KEDIRI — Eksekusi dua bidang lahan di Kecamatan Mojoroto, Kota Kediri, berlangsung dengan dinamika berbeda pada Kamis (08/04), sebagai bagian dari pembangunan Jalan Tol Kediri–Tulungagung yang termasuk dalam Proyek Strategis Nasional (PSN).
Lahan pertama atas nama Sumini, warga RT 12/RW 04, Kelurahan Mojoroto, berhasil dieksekusi tanpa hambatan. Proses pengosongan berjalan lancar di bawah pengawasan petugas terkait.
Namun, suasana berbeda terjadi pada lahan kedua milik Imam Mashadi, warga RT 10/RW 12, Kelurahan Bujel. Eksekusi lahan seluas 304 meter persegi ini berlangsung panas dan mendapat penolakan dari pihak termohon dan penasihat hukumnya.
Maslik Hanim, selaku penasihat hukum Imam Mashadi, menyampaikan keberatan atas proses eksekusi tersebut. Ia menilai eksekusi tidak memenuhi prosedur hukum karena sebagian dari lahan belum dibebaskan secara menyeluruh.
“Kami keberatan karena objek eksekusi belum dibebaskan seluruhnya. Dari total 304 meter persegi, masih ada 24 meter persegi yang belum dibayar. Konsinyasi yang masuk ke pengadilan hanya sebesar 280 meter persegi,” ujar Maslik.

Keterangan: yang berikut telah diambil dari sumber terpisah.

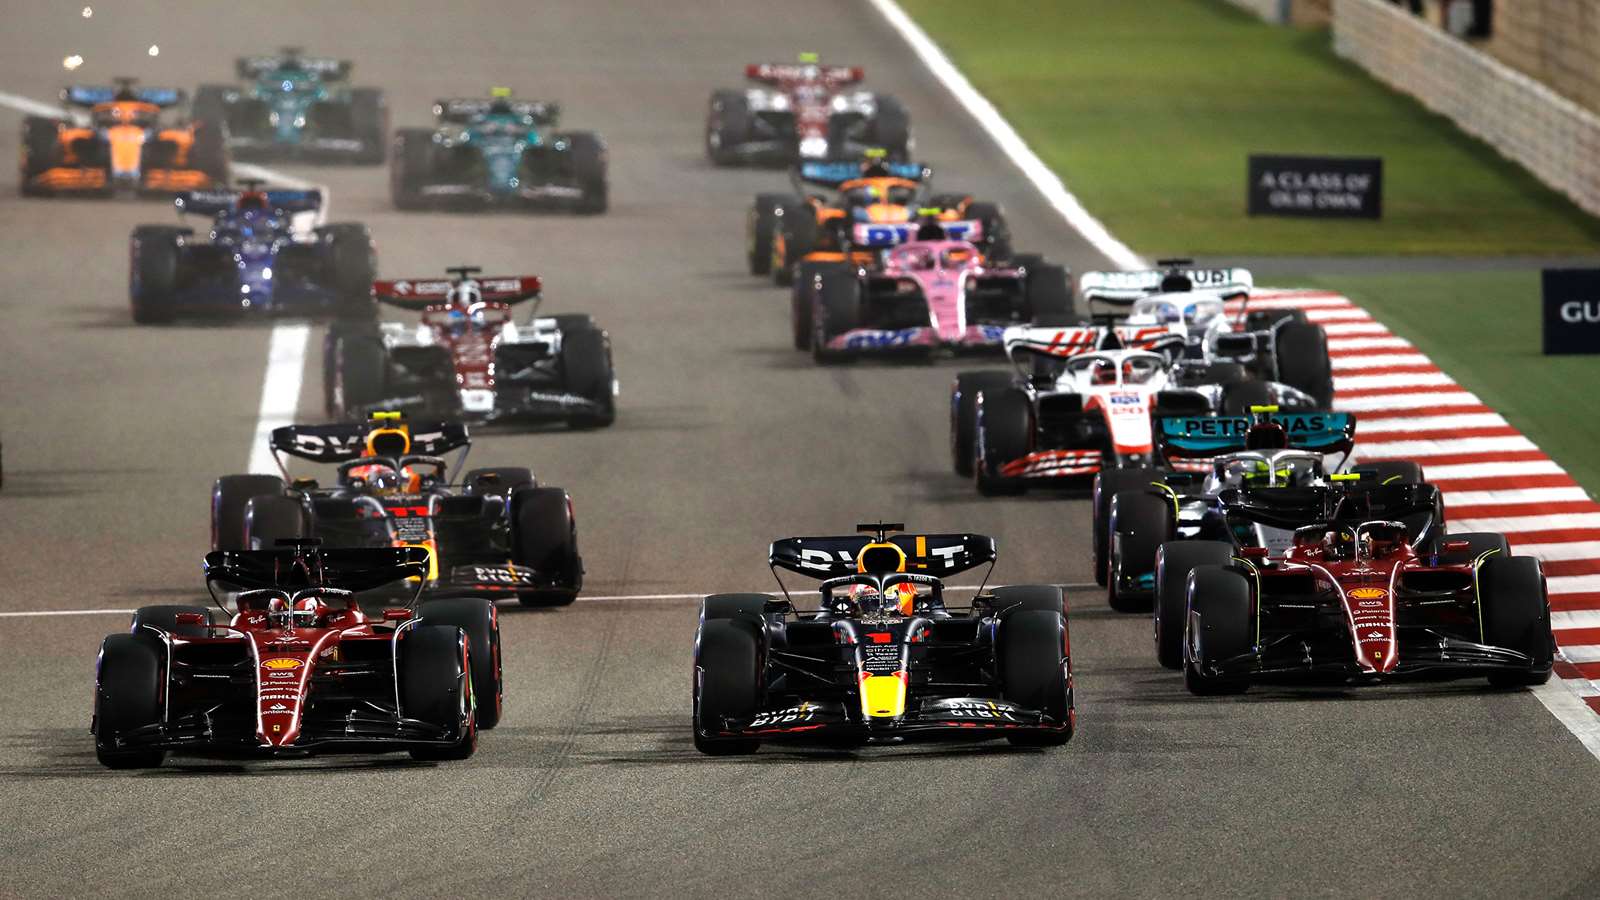 F1 22 Teams, Cars & Drivers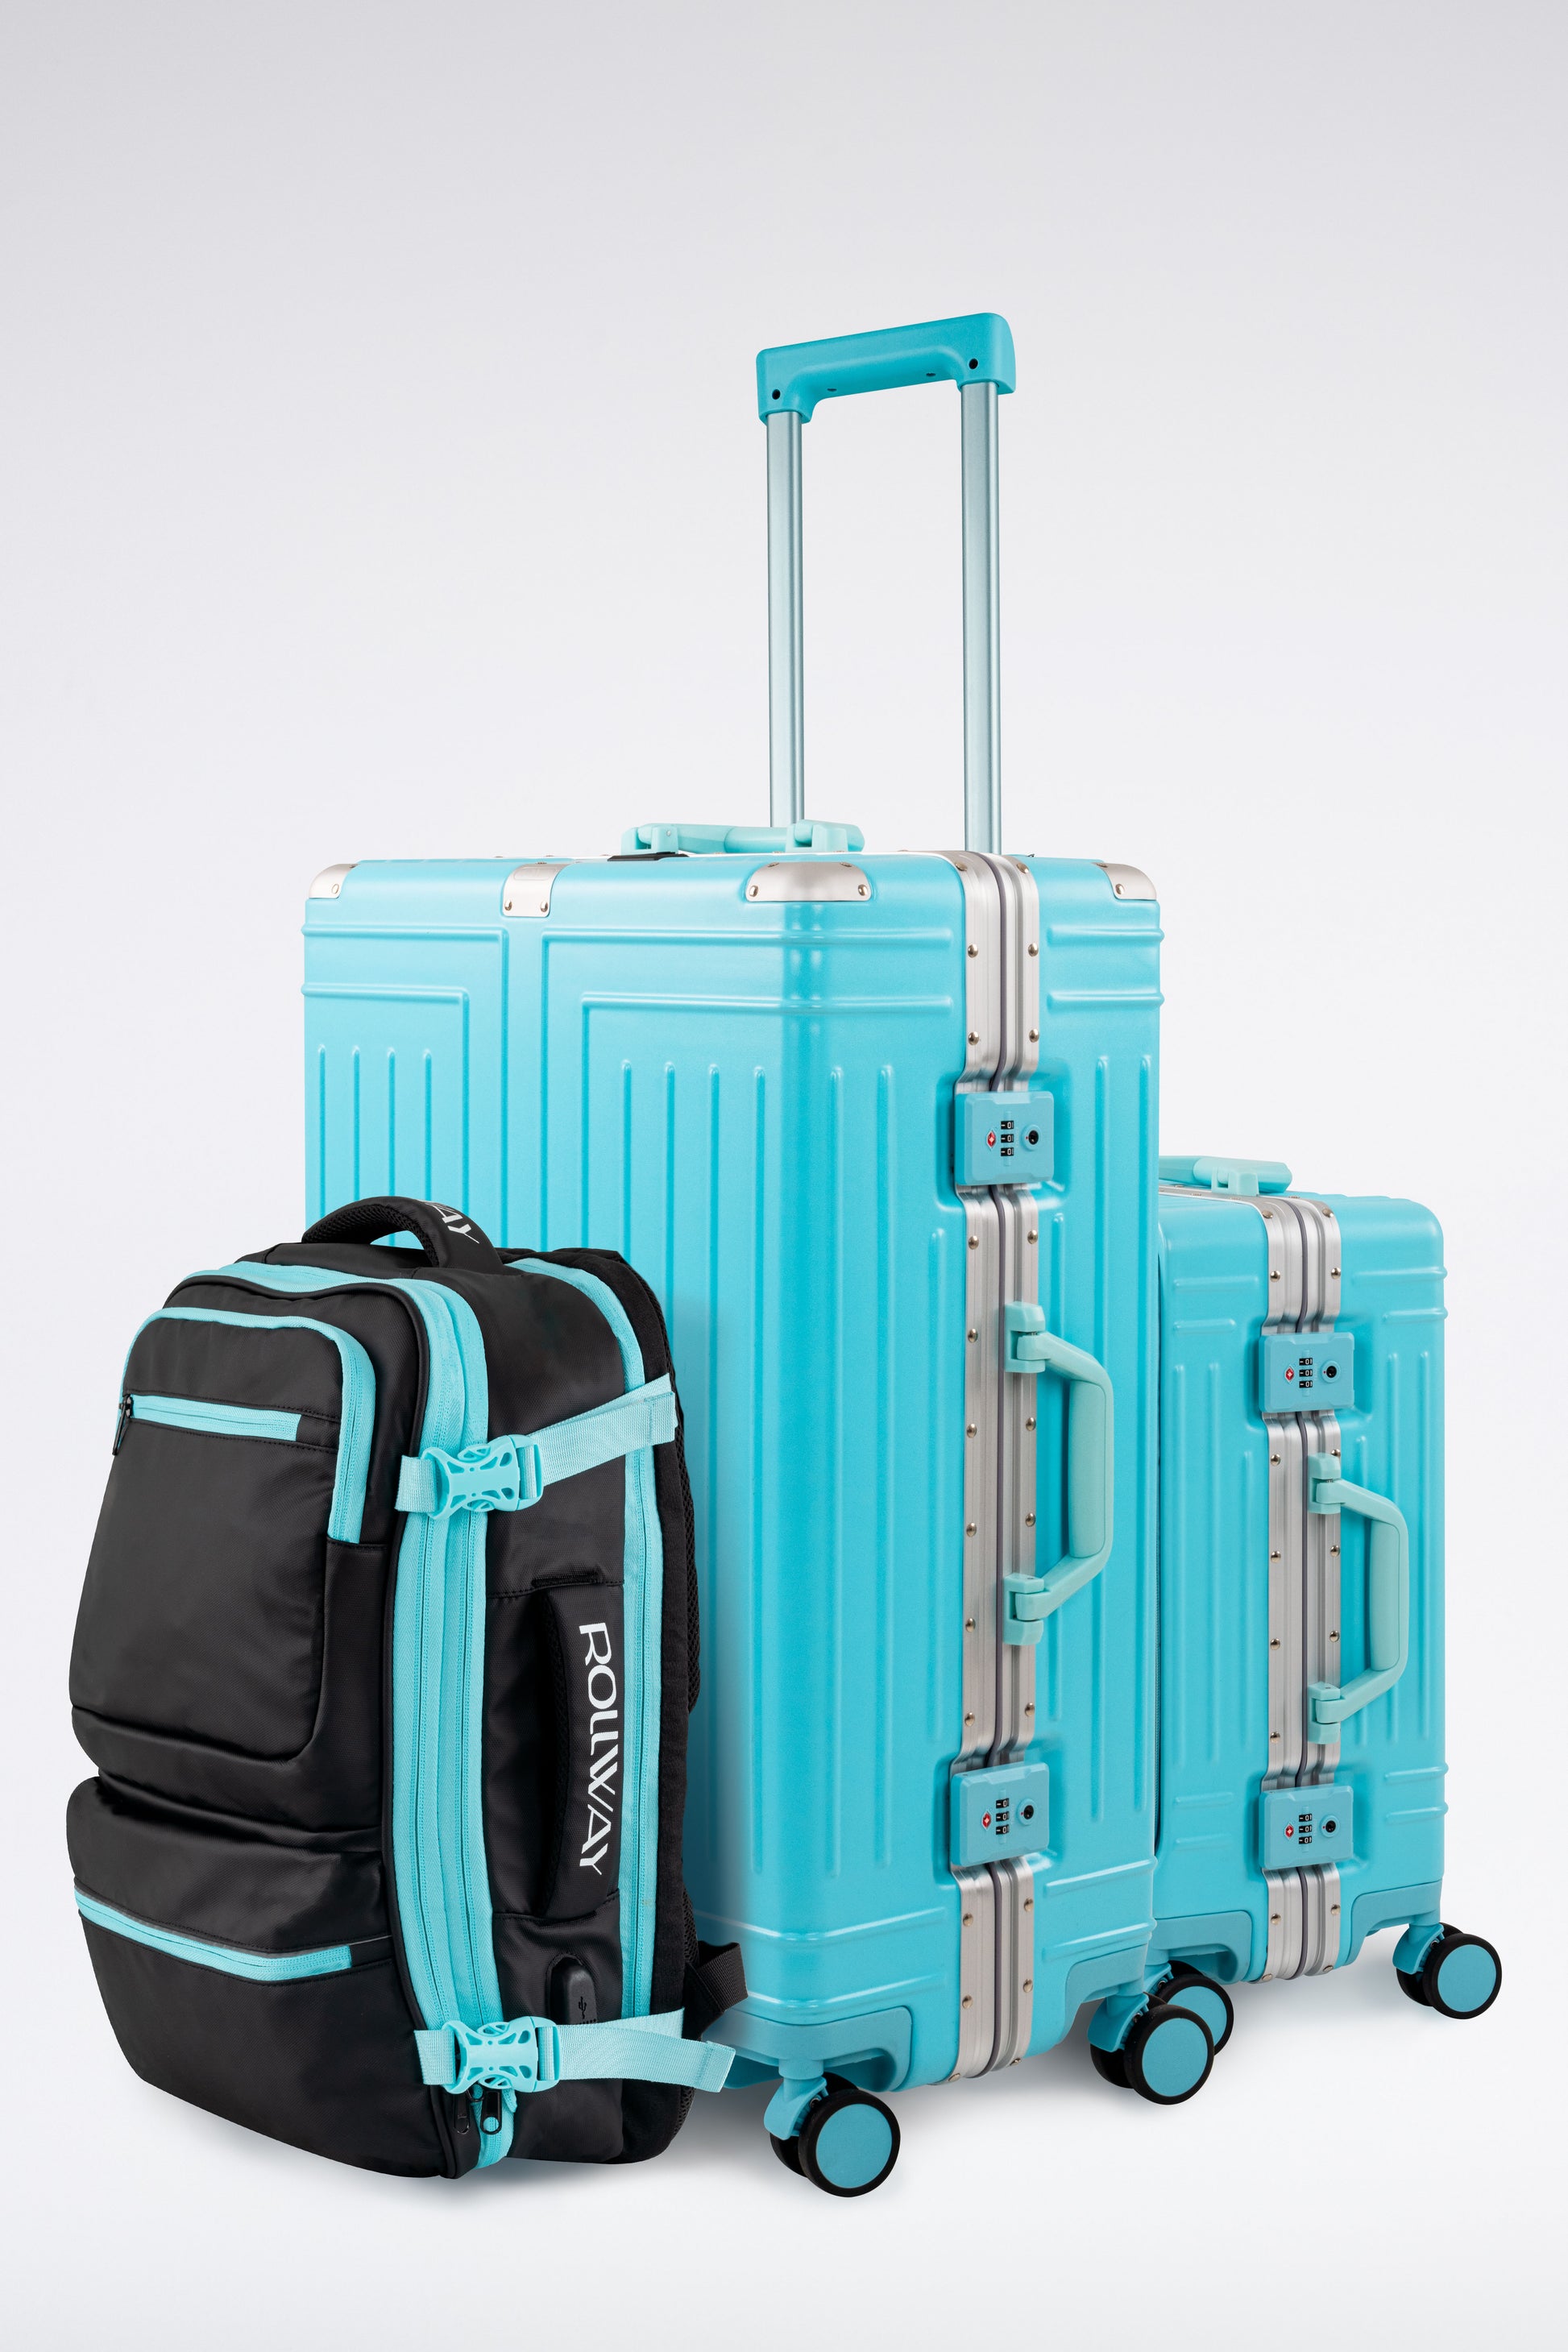 Tipos de maletas según el material ¿Cuál es el más adecuado? - Blog de  Maletas y equipaje - El equipo de viaje

Ia juga menambahkan bahwa pihaknya telah mengajukan perlawanan eksekusi yang saat ini sedang dalam proses peradilan. Menurutnya, tindakan eksekusi yang dilakukan sebelum adanya putusan berkekuatan hukum tetap merupakan pelanggaran hukum.
Imam Mashadi sendiri, sebagai salah satu ahli waris, menyampaikan bahwa dirinya tidak sepakat atas pelepasan lahan tersebut. Dari tiga ahli waris, hanya dua yang menyetujui. Ia juga menyoroti ketimpangan nilai ganti rugi yang diterimanya.
“Tanah saya dihargai Rp1,3 juta per meter, padahal tanah di samping saya yang statusnya tanah perkebunan malah dihargai Rp1,8 juta. Ini jelas tidak adil,” tegas Imam.
Sementara itu, Berly, Panitera Pengadilan Negeri Kediri yang hadir dalam eksekusi, menyatakan bahwa pihak pengadilan terbuka terhadap keberatan dan upaya hukum lebih lanjut dari pihak termohon.
“Silakan ajukan keberatan melalui proses hukum yang tersedia. Jika nanti dalam prosesnya pihak termohon menang, kami siap mengeksekusi pemulihan,” jelas Berly.
Eksekusi ini menjadi pengingat bahwa dalam pelaksanaan proyek infrastruktur strategis, kecepatan pembangunan harus diimbangi dengan perlindungan hak-hak warga, kejelasan prosedur, dan kepastian hukum. Tanpa itu, potensi konflik dan penolakan publik akan terus mengiringi langkah pembangunan.